## Saturday, May 26, 2018

### LeetCode 833 - Find And Replace in String

https://leetcode.com/problems/find-and-replace-in-string/description/
To some string S, we will perform some replacement operations that replace groups of letters with new ones (not necessarily the same size).
Each replacement operation has 3 parameters: a starting index i, a source word x and a target word y.  The rule is that if x starts at position i in the original string S, then we will replace that occurrence of x with y.  If not, we do nothing.
For example, if we have S = "abcd" and we have some replacement operation i = 2, x = "cd", y = "ffff", then because "cd" starts at position 2 in the original string S, we will replace it with "ffff".
Using another example on S = "abcd", if we have both the replacement operation i = 0, x = "ab", y = "eee", as well as another replacement operation i = 2, x = "ec", y = "ffff", this second operation does nothing because in the original string S[2] = 'c', which doesn't match x[0] = 'e'.
All these operations occur simultaneously.  It's guaranteed that there won't be any overlap in replacement: for example, S = "abc", indexes = [0, 1], sources = ["ab","bc"] is not a valid test case.
Example 1:
Input: S = "abcd", indexes = [0,2], sources = ["a","cd"], targets = ["eee","ffff"]
Output: "eeebffff"
Explanation: "a" starts at index 0 in S, so it's replaced by "eee".
"cd" starts at index 2 in S, so it's replaced by "ffff".

Example 2:
Input: S = "abcd", indexes = [0,2], sources = ["ab","ec"], targets = ["eee","ffff"]
Output: "eeecd"
Explanation: "ab" starts at index 0 in S, so it's replaced by "eee".
"ec" doesn't starts at index 2 in the original S, so we do nothing.

Notes:
1. 0 <= indexes.length = sources.length = targets.length <= 100
2. 0 < indexes[i] < S.length <= 1000
3. All characters in given inputs are lowercase letters.

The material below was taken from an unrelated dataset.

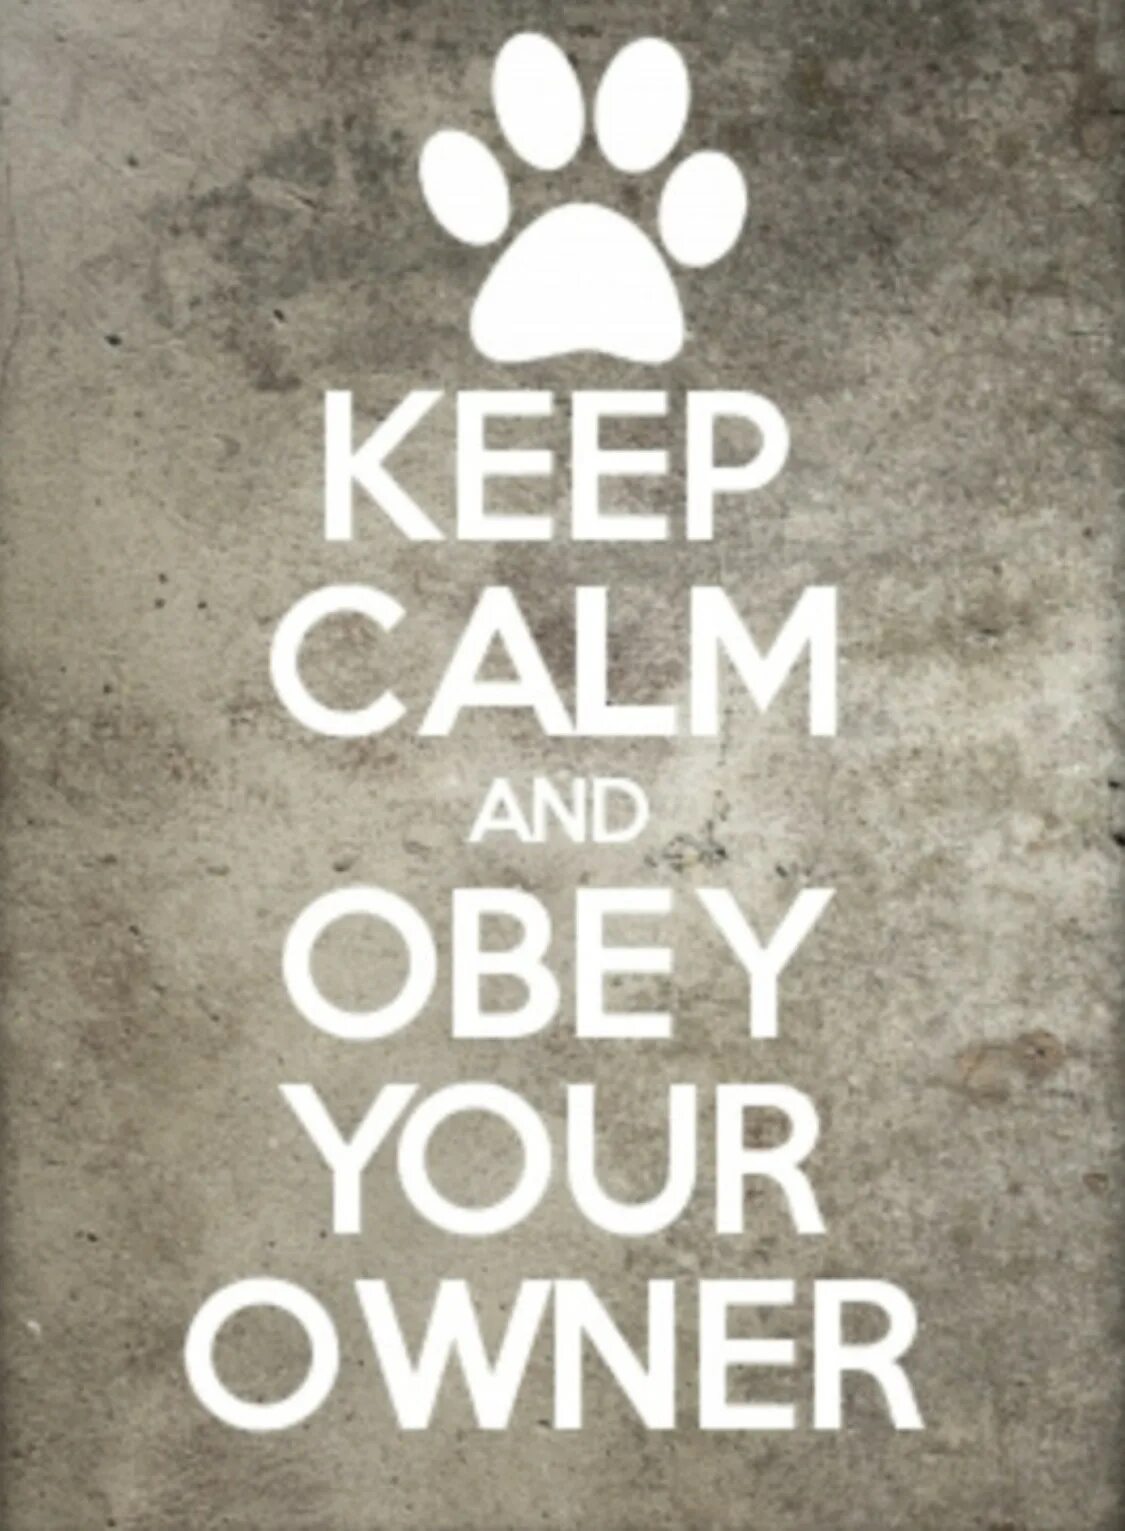 Keep Calm and Obey. Keep Calm and Obey your wife. Keep Sweet: Pray and Obey. Calm down and Breath. Making him stay

• Time Complexity: $O(NQ)$, where $N$ is the length of S, and we have $Q$ replacement operations. (Our complexity could be faster with a more accurate implementation, but it isn't necessary.)
• Space Complexity: $O(N)$, if we consider targets[i].length <= 100 as a constant bound.

public String findReplaceString(String S, int[] indexes, String[] sources, String[] targets) {
int N = S.length();
int[] match = new int[N];
Arrays.fill(match, -1);

for (int i = 0; i < indexes.length; ++i) {
int ix = indexes[i];
if (S.substring(ix, ix + sources[i].length()).equals(sources[i]))
match[ix] = i;
}

StringBuilder ans = new StringBuilder();
int ix = 0;
while (ix < N) {
if (match[ix] >= 0) {
ans.append(targets[match[ix]]);
ix += sources[match[ix]].length();
} else {
ans.append(S.charAt(ix++));
}
}
return ans.toString();
}